Bug 1785610

Summary: kube-apiserver /%!(EXTRA *errors.StatusError=secrets "user-serving-cert" not found
Product: OpenShift Container Platform Reporter: Alexander Klein <alklein>
Component: kube-apiserverAssignee: Stefan Schimanski <sttts>
Status: CLOSED ERRATA QA Contact: Ke Wang <kewang>
Severity: medium Docs Contact:
Priority: low    
Version: 4.2.zCC: amccrae, aos-bugs, aprajapa, cbaus, cheeva.tee, crawford, dahernan, dbenoit, dfroehli, dgilmore, mfojtik, pchoo, sttts, xxia
Target Milestone: ---   
Target Release: 4.2.z   
Hardware: All   
OS: Unspecified   
Whiteboard:
Fixed In Version: Doc Type: If docs needed, set a value
Doc Text:
Story Points: ---
Clone Of: Environment:
Last Closed: 2020-04-02 11:02:40 UTC Type: Bug
Regression: --- Mount Type: ---
Documentation: --- CRM:
Verified Versions: Category: ---
oVirt Team: --- RHEL 7.3 requirements from Atomic Host:
Cloudforms Team: --- Target Upstream Version:
Embargoed:
Bug Depends On: 1780243    
Bug Blocks:    
Attachments:
Description Flags
apiserver log
none
cert syncer log none

Description Alexander Klein 2019-12-20 12:49:55 UTC
Created attachment 1646796 [details]
apiserver log

Description of problem:

cluster installed with installer version  4.2.12-s390x
rhcos version 4.2.10-s390x


every ~5 minutes the kube-apiserver throw the event
Removed file for secret: /%!(EXTRA *errors.StatusError=secrets "user-serving-cert" not found)
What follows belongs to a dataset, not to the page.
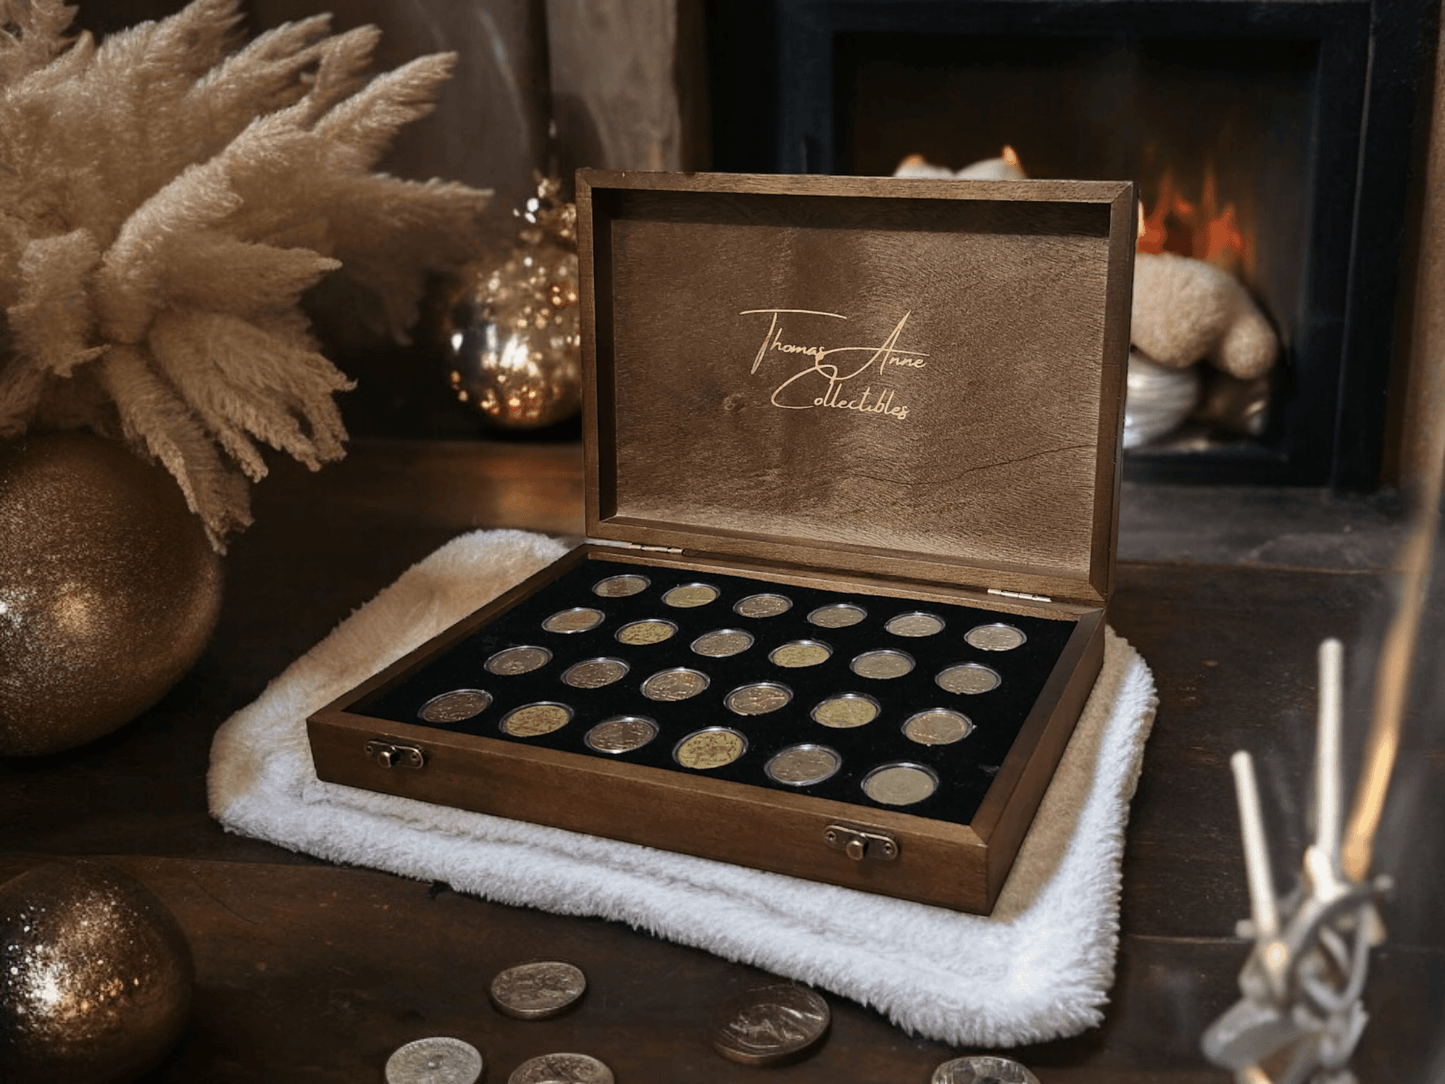 Artisan-Crafted Mahogany Australian $1 Coin Display Case - Thomas Anne Collectibles

it does automatically recover but something seems to be broken here

Comment 1 Carvel Baus 2020-01-02 21:03:23 UTC
logfile attached does not contain the error as described - is this the correct log file?
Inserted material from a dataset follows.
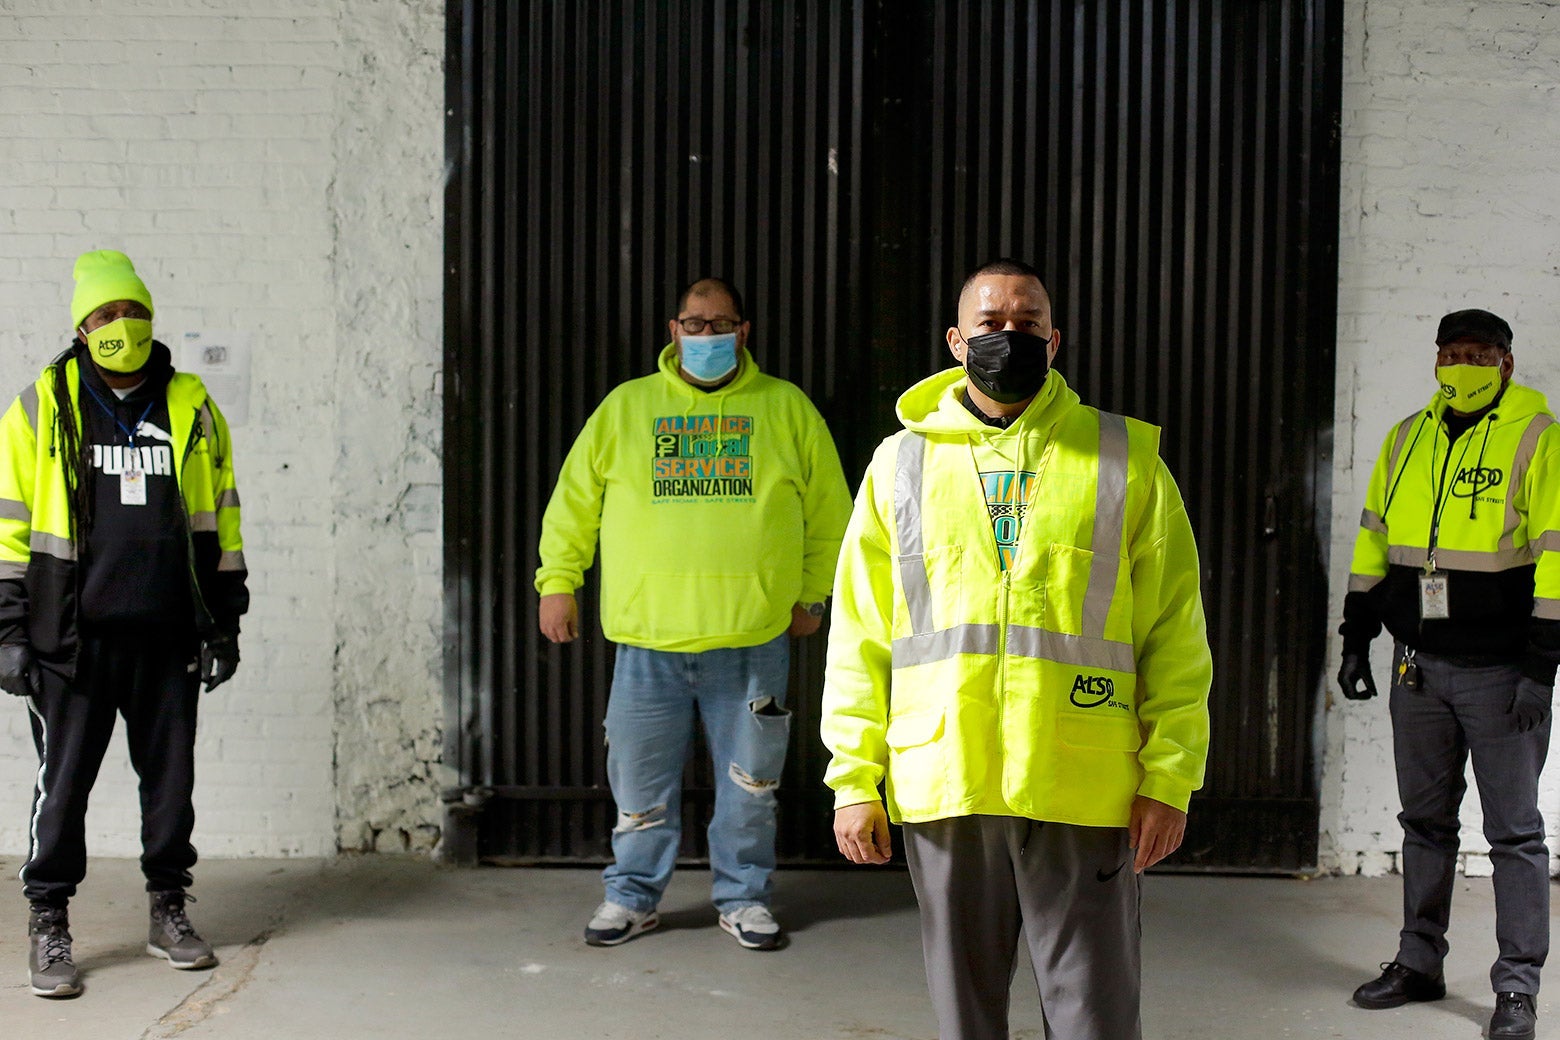 Four people wearing bright safety jackets and masks, standing a few feet apart from one another outside

Comment 2 dfroehli 2020-01-03 12:29:55 UTC
Created attachment 1649409 [details]
cert syncer log

Comment 3 dfroehli 2020-01-03 12:31:30 UTC
Happy new year!
I see the same message on OCP V4.12 X86_64. Message is in cert-syncer container.
My system is on Red Hat VPN, please ping me on Hangouts if you would like to see yourself.
Cheers Dan

Comment 4 Carvel Baus 2020-01-03 14:57:34 UTC
If the same thing is happening on x86, then that consistency would suggest its not S/390 specific - I will dig a little deeper and see whats happening. Before the error message on each line is "type: 'Warning'" so it may be just that, or the error is getting incorrectly wrapped as a warning for the event. Will look into it further.

Comment 5 dfroehli 2020-01-03 16:01:36 UTC
Thx for looking into this. What makes my cluster a little bit special is that I use a Non-Public-CA as a signer for the ingress router server cert. I.e. *.apps.ocp4... is served with a cert which is signed by a CA which is per default NOT in the the RHCOS trust store (actually, it is signed by the Red Hat Internal CA). 
I followed the installation guidance to add the CA Trust Chain as described here:
https://docs.openshift.com/container-platform/4.2/networking/configuring-a-custom-pki.html
However, this is NOT true for api.ocp4..., that is using certs from openshift internal.
Just wanted to mention this, as the message is about certs.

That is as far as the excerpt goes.